§ Your task: Would you repeat the listing exactly but omit every picture?

§ Dataset excerpt:

↓

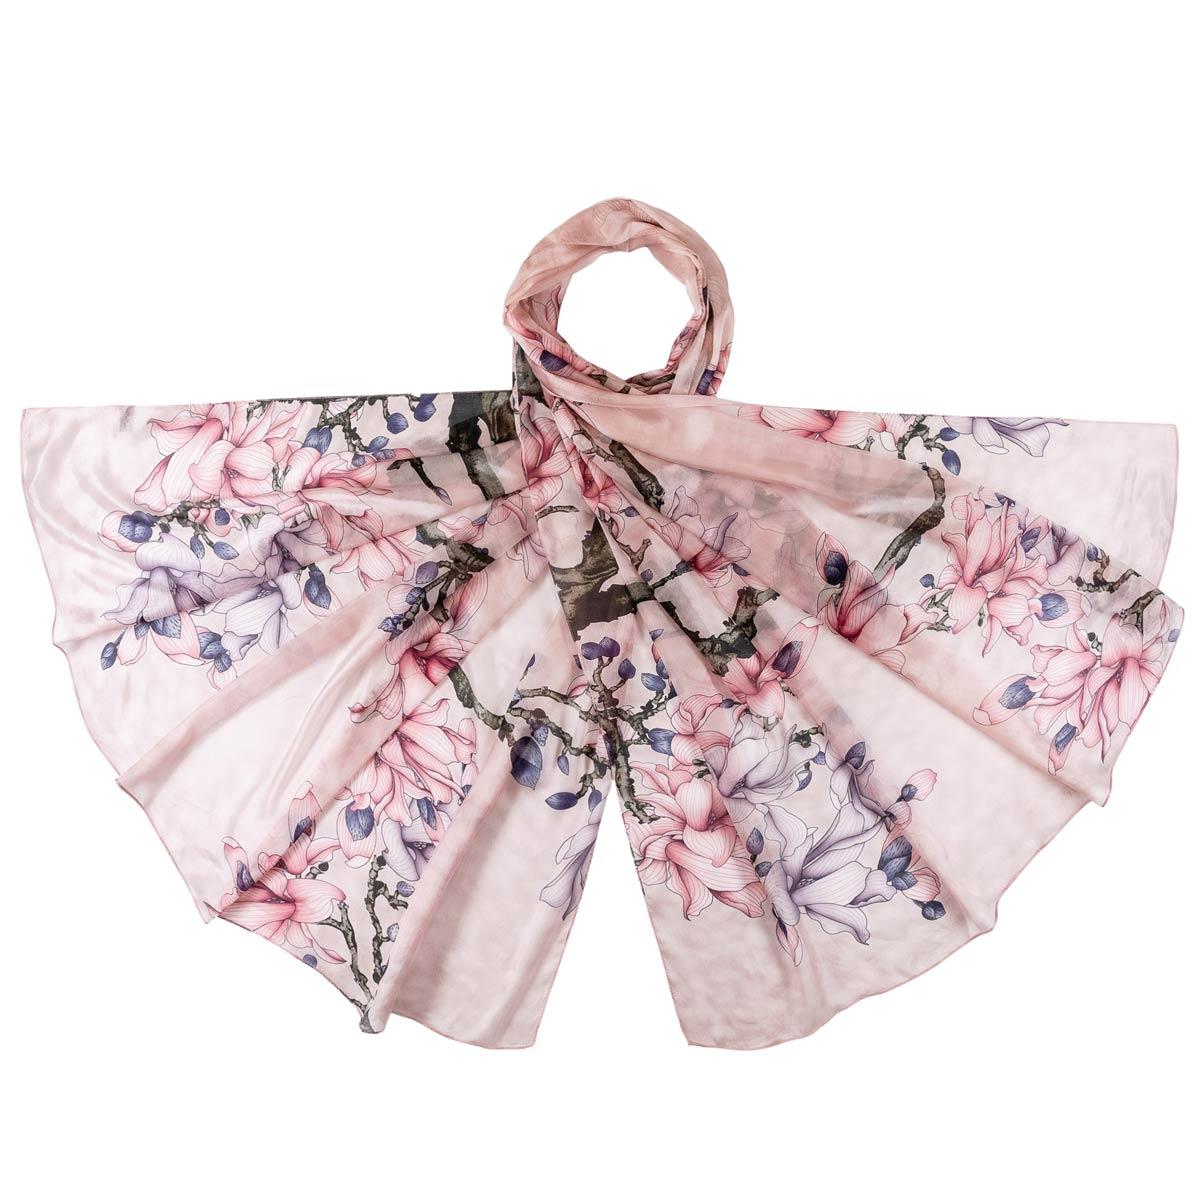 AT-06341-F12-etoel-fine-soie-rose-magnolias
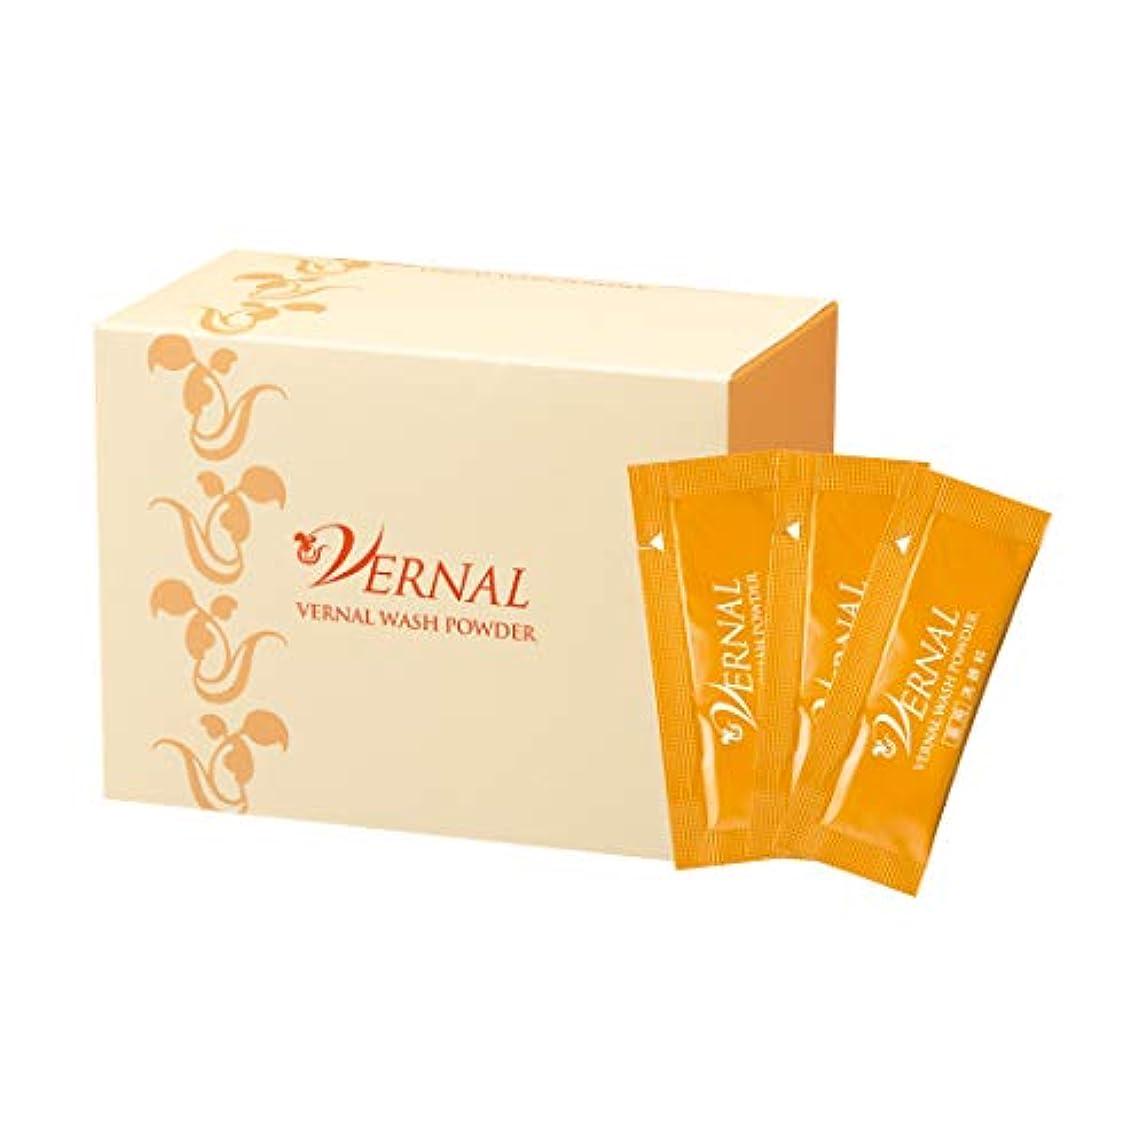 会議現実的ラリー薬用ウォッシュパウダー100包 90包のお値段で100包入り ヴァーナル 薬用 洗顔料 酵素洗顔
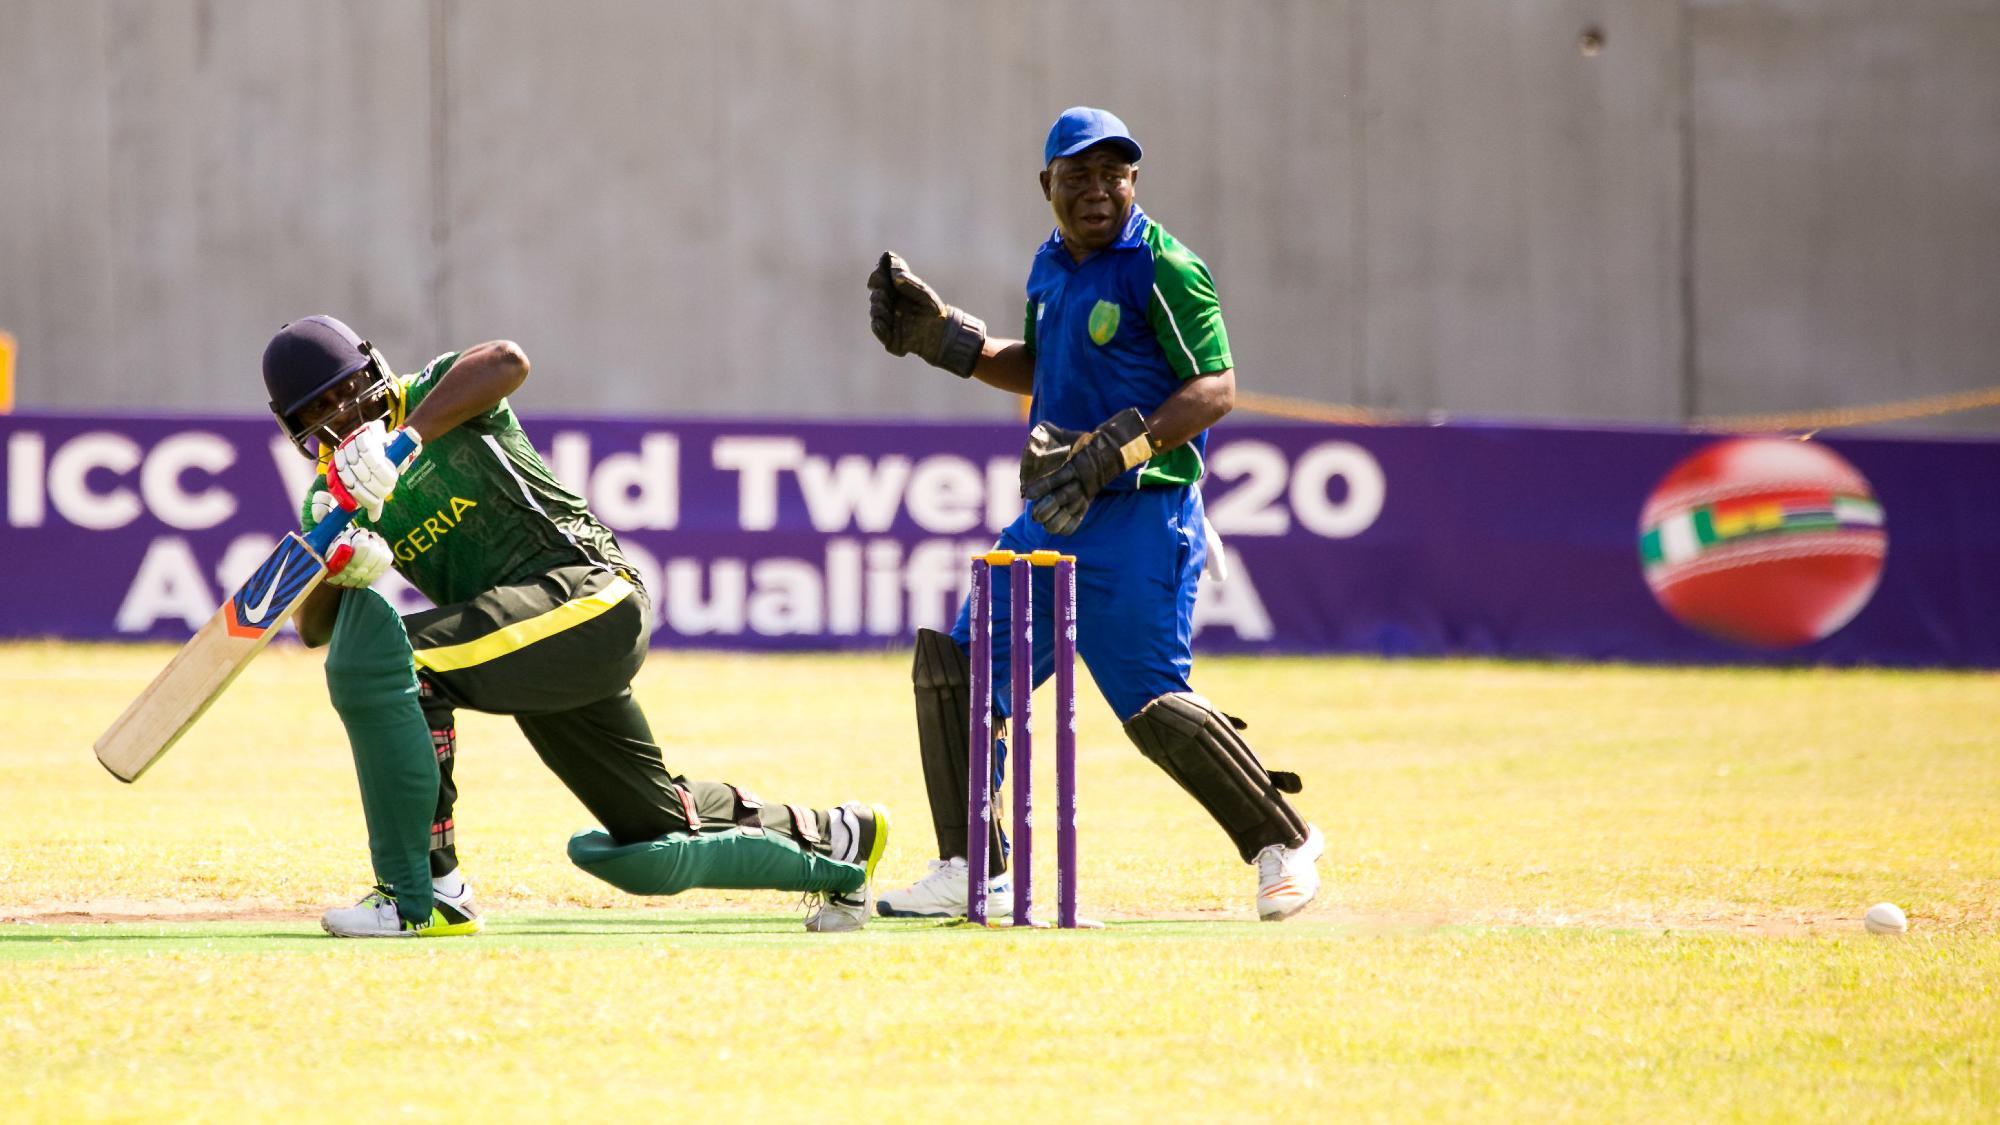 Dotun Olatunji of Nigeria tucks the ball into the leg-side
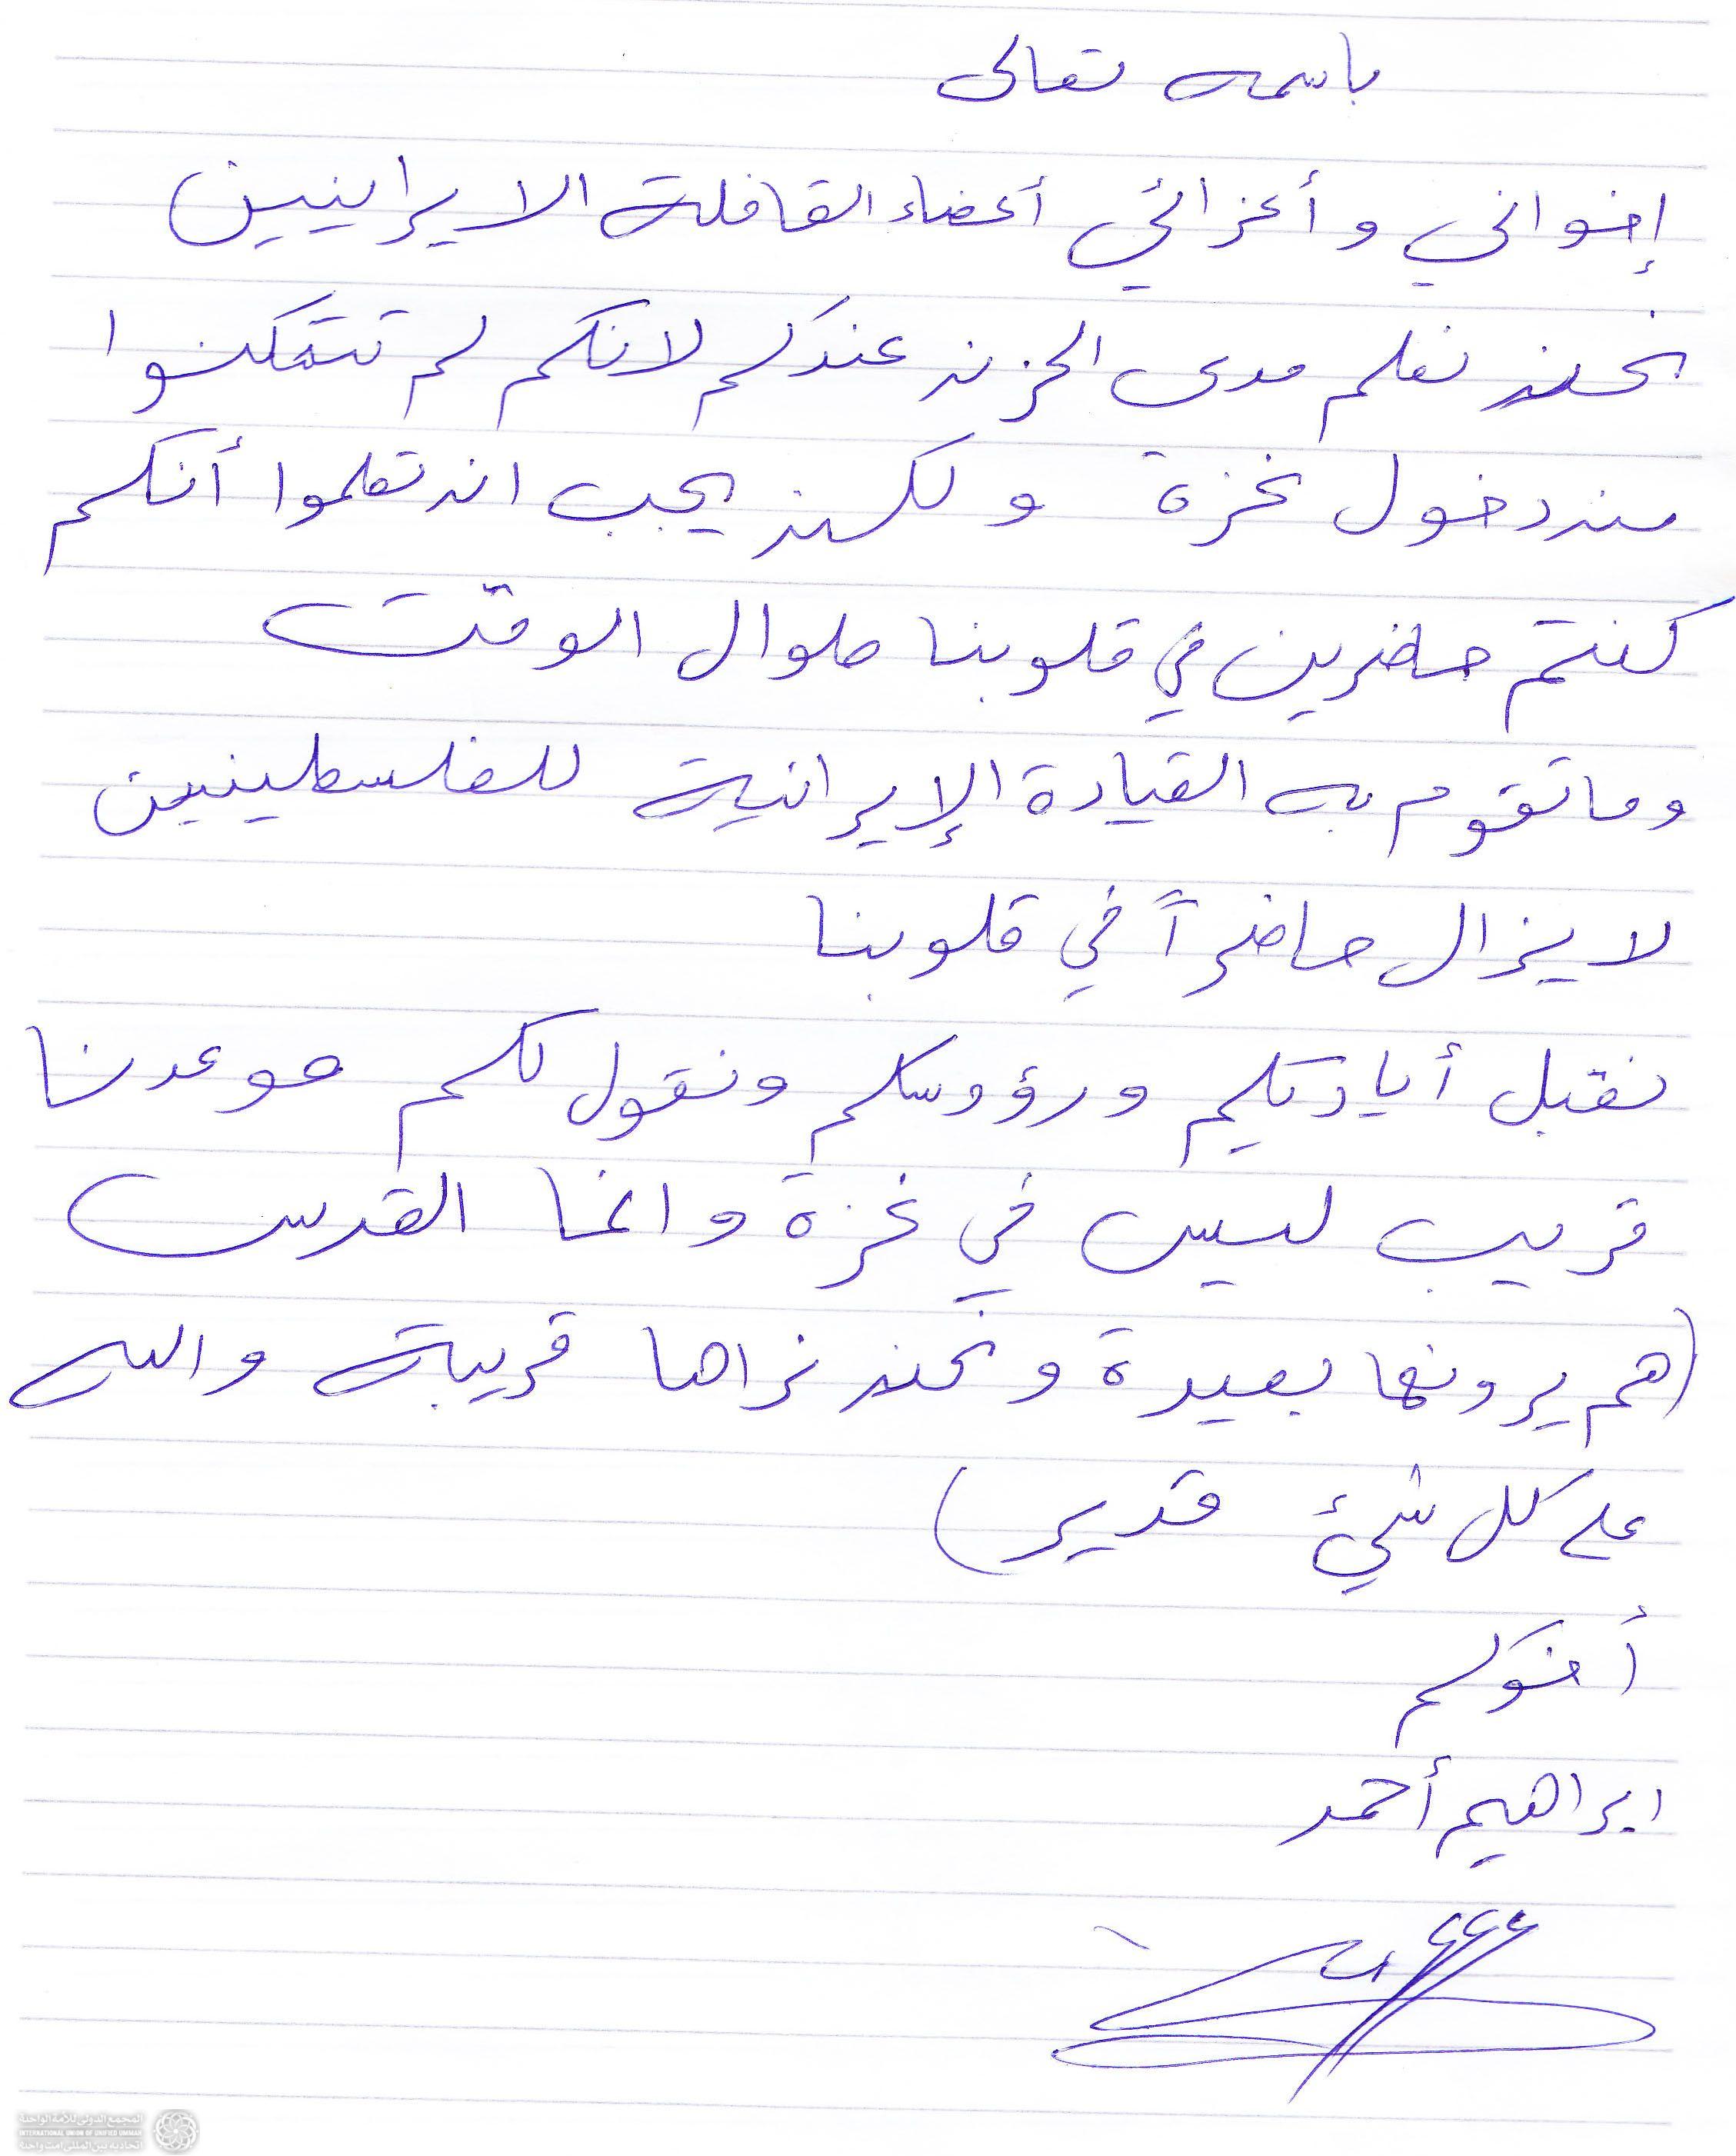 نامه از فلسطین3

↑

§ Answer below:
 AT-06341-F12-etoel-fine-soie-rose-magnolias
 会議現実的ラリー薬用ウォッシュパウダー100包 90包のお値段で100包入り ヴァーナル 薬用 洗顔料 酵素洗顔
 Dotun Olatunji of Nigeria tucks the ball into the leg-side
 نامه از فلسطین3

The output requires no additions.